Tuesday, February 2, 2010

What's on your desk?

Yesterday I got my daily e-mail of news headlines from the world of communications and in it was a list of items that colleagues nationwide have on their desks. (We communications professionals need some daily crazy news to survive.) There were green sequined bats, a bottle of tequila and margarita mix, Dwight Schrute bobbleheads and even a pair of squirrel underpants (huh?).

See, anything goes on your desk at work. Whereas, there is no place for a purple fuzzy gorilla on my living room coffee table. Problem is, the whole article reminded me of what is NOT on my desk. Mainly, this:

My desk is lacking an N*Sync bobblehead and I am not happy about it. At my office holiday party in December, we had an intense white elephant gift exchange (it involved lots of reindeer, bowling and yelling). I couldn't care less about the white elephant gifts until I unwrapped this beloved bobblehead. (I know! Who on earth would give that away as a white elephant gift?! Turns out, it was someone who already had an identical bobblehead at home.) Anyway, GAME ON!!!
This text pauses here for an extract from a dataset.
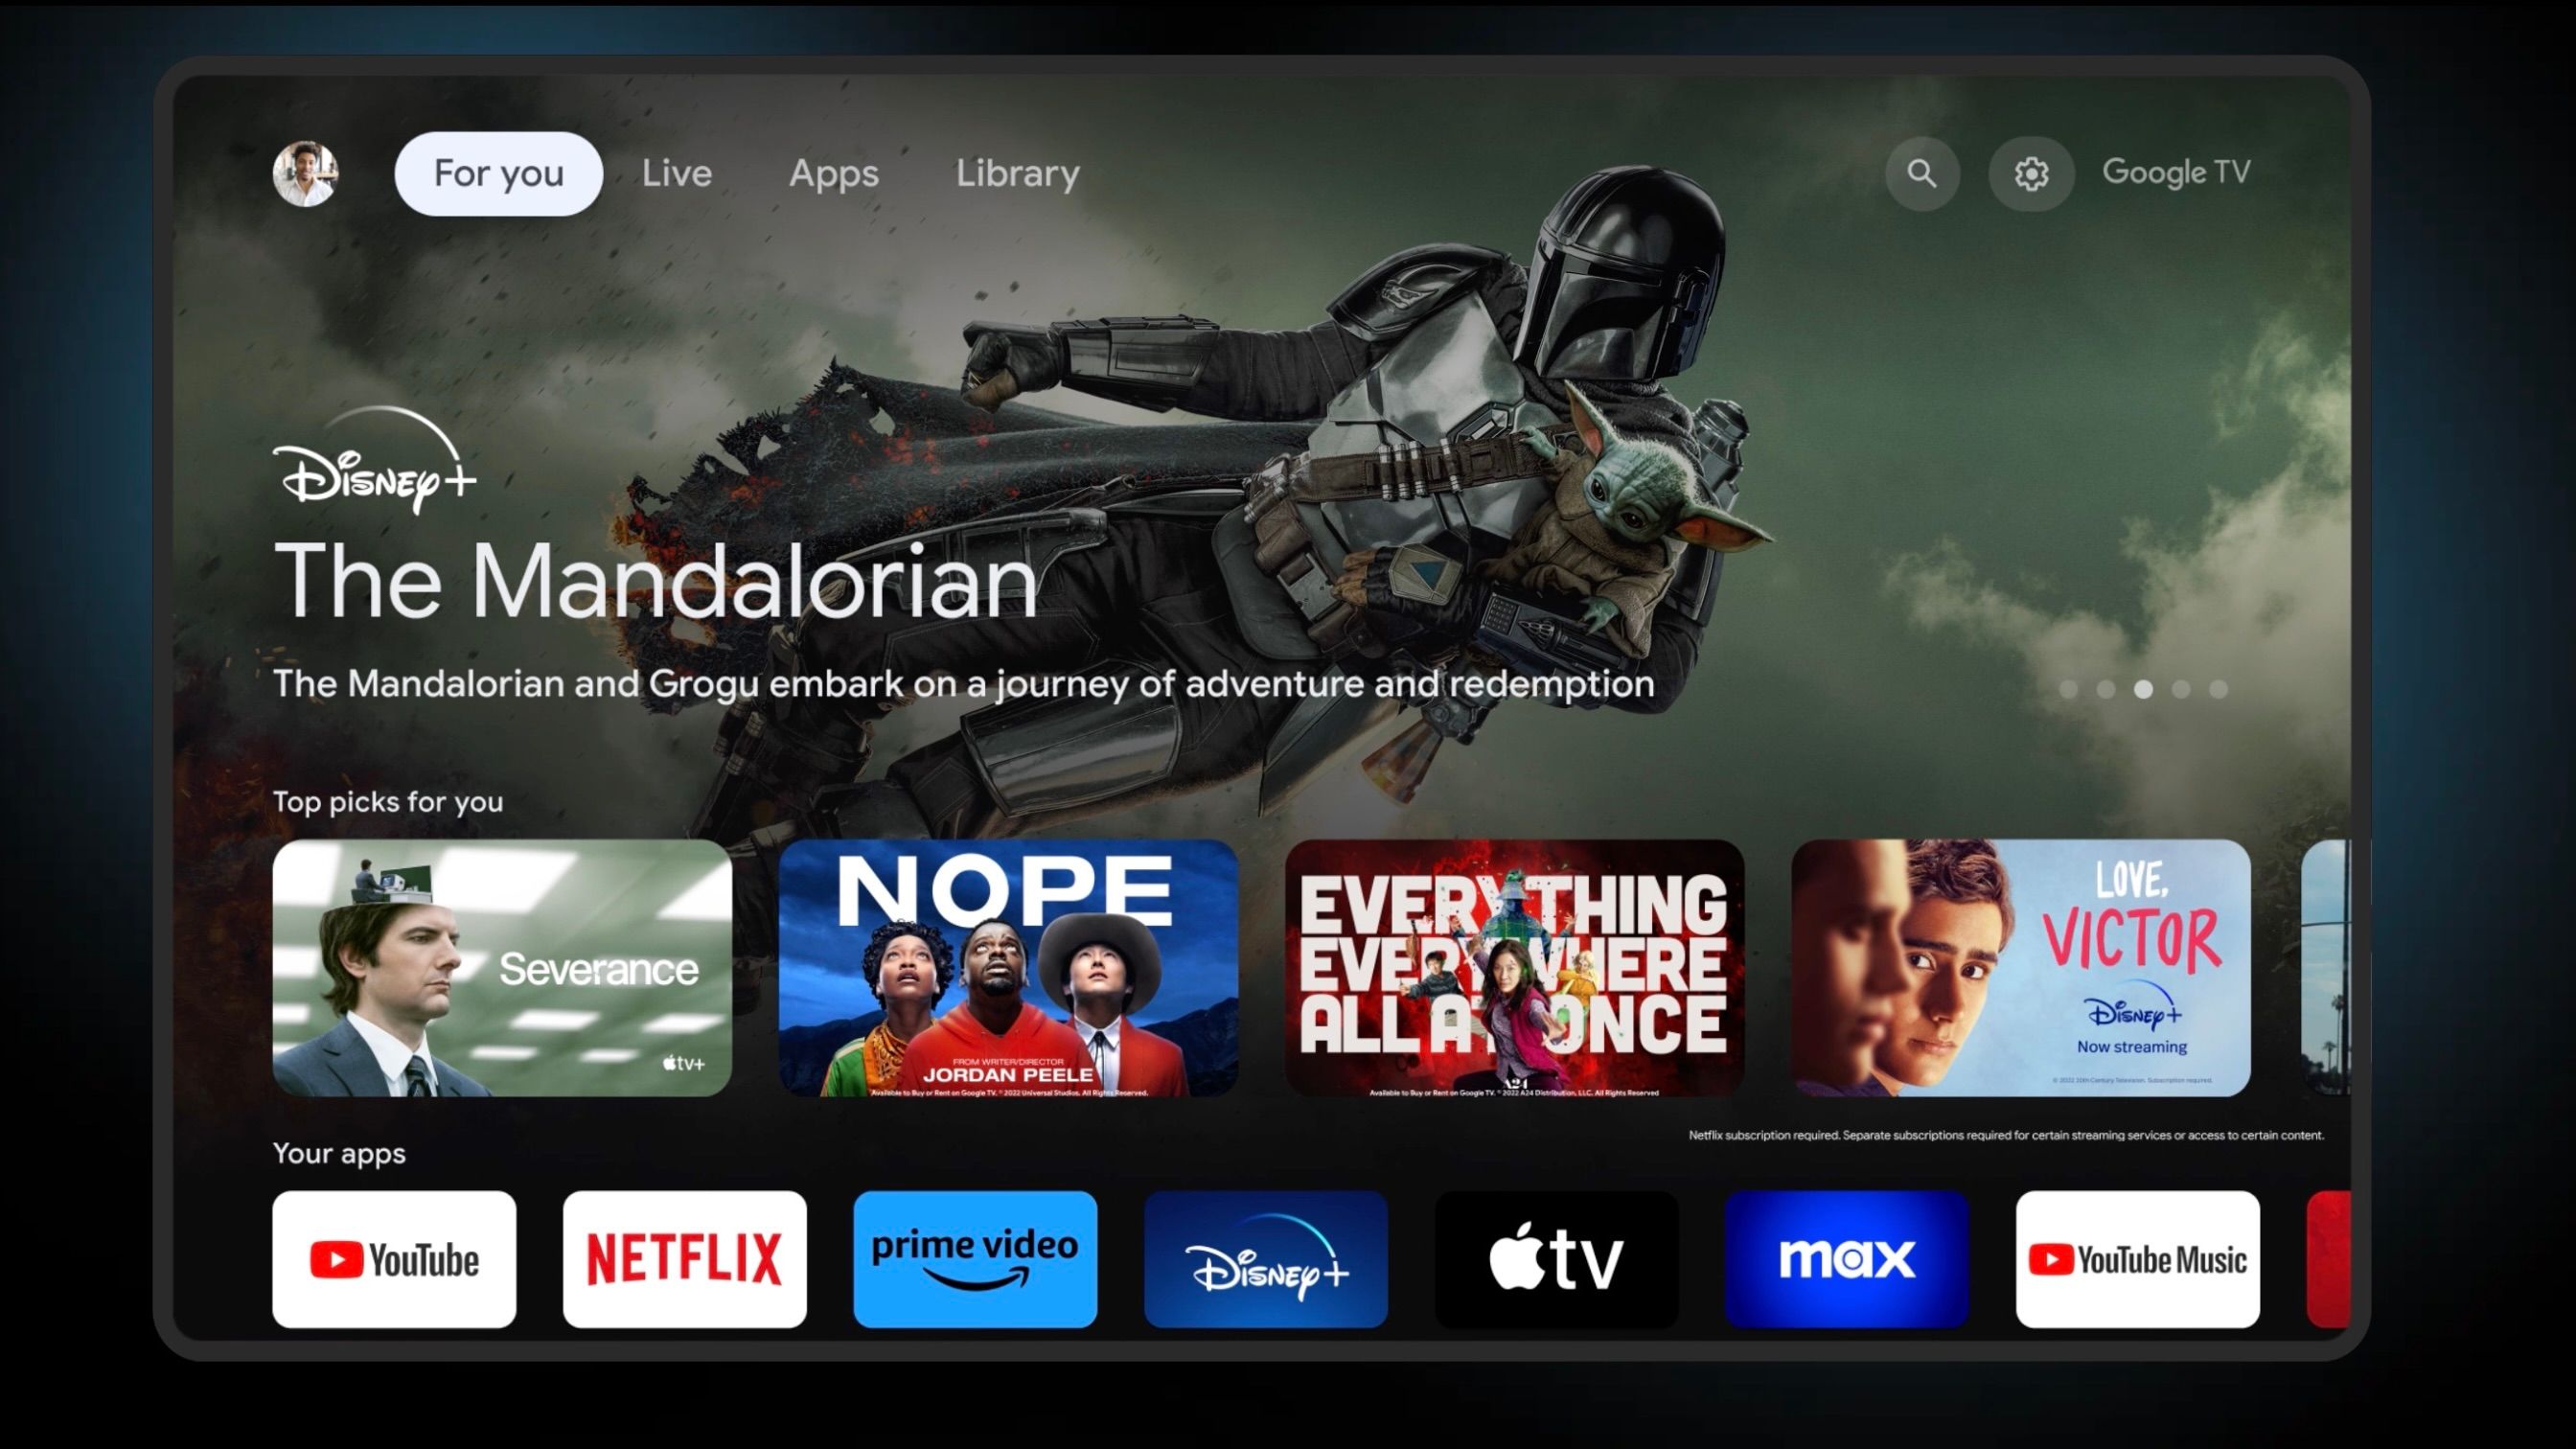 Google TV interface featuring Disney+'s The Mandalorian.

Team Blitzen (my team) started fighting hard for this prize. A war broke out with Team Prancer and, needless to say, it was not a happy ending for Blitzen. I have assured the new owner of the bobblehead that he'd better watch his back. What's worse is that it now sits next to a UND Sioux hockey bobblehead on his desk. (I'm sorry, but JC Chasez would never cheer for UND.) Not even a fair trade deal--my pig with the light-up snout (a gift during swine flu season last fall) for his bobblehead--would suffice.

How does this whole episode make me feel? Well, I think N*Sync says it best. It’s Tearin’ Up My Heart. I Want You Back little bobblehead…No Strings Attached. I need to come up with a plan, so Bye Bye Bye for now. (Go ahead, insert eye roll here. But I am still awaiting their reunion!)